Natural Language can be Good for Communication…
Yes, the article title is clickbait. It has plenty of truth, but as good software engineers, we evaluate things in terms of trade offs. As we just discussed, there is a trade off in communication between speed and information. Natural language tends to favor speed. It tends to be spoken and experienced in a richer context, and doesn’t need to convey all the details about the environment, because the participants in the communication channel can get those through other means, like body language, tone of voice, smell, culture, shared experiences, and so on. Many natural language communications are low stakes. If data is missing, you can ask for clarification. If data is misinterpreted, maybe you offend someone a little bit and you can apologize.
…But We Need Something More
When we build systems that need to be durable, reliable, scalable, and long-lived, we have different communication needs than what natural language is typically used for. If something is done wrong, the cost is often high. This could be a monetary loss, when an online service goes down and customers go to a competitor. This could be a physical loss, when a temperature control system breaks and perishable goods are spoiled. This could be a loss of human life, when a safety system fails. Requirements need to be precise and unambiguous. High stakes professions usually develop their own technical jargon and domain specific languages for exactly this reason. Lawyers use legalese
, because if they don’t, someone is going to lose a lot of money. Medical professionals use medspeak
, because if they don’t, in a critical situation, someone is going to die.

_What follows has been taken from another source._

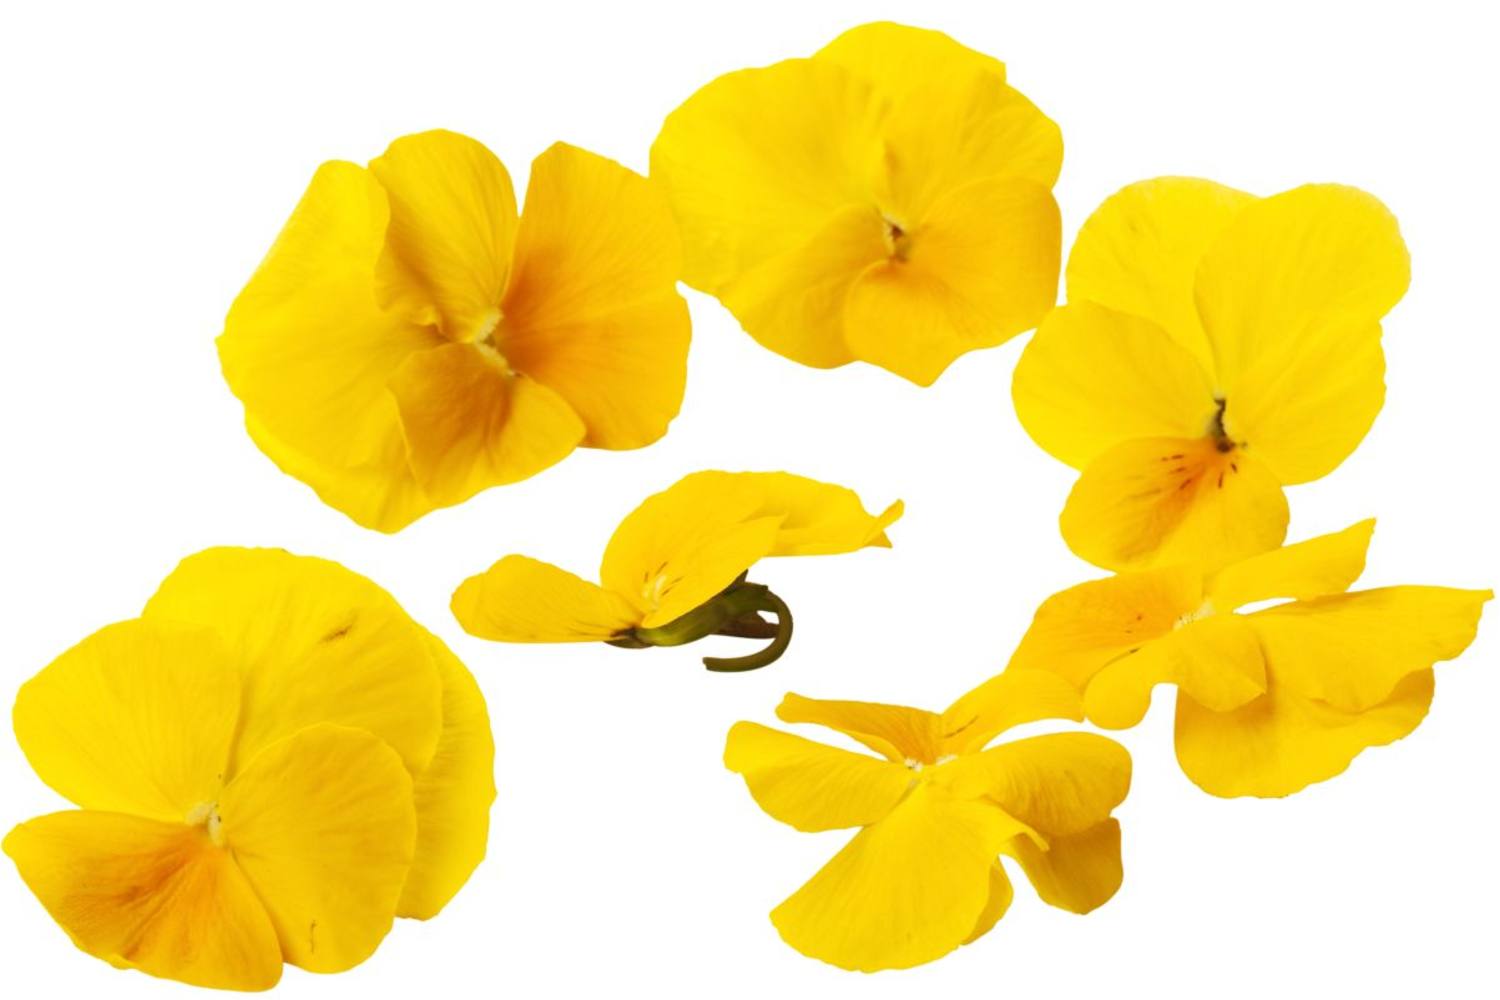 Eetbare bloem gele viooltjes 20-25st kist 18 stuks 1

This is where things like Domain Specific Languages and Ubiquitous Language come in. Legalese and medspeak are examples of Domain Specific Languages. People in those professions have a shared Ubiquitous Language for certain critical concepts and details. These languages provide precise definitions of terms and broader context, and compress information for efficient communication. Every domain and every situation is different. But they all have communication needs. Language is the means of communication, and language can be optimized to fit the speed and information needs of a given situation. The better your language is – the faster you can communicate more information accurately – the faster you can work and the better the outcomes will be.
Conclusion
Nothing is perfect. Communication between people and across time is always going to lose data and be misinterpreted. But we can always do better. The more we understand the nature of communication, the more can account for its shortcomings, and build better communication systems – better languages – to get better results.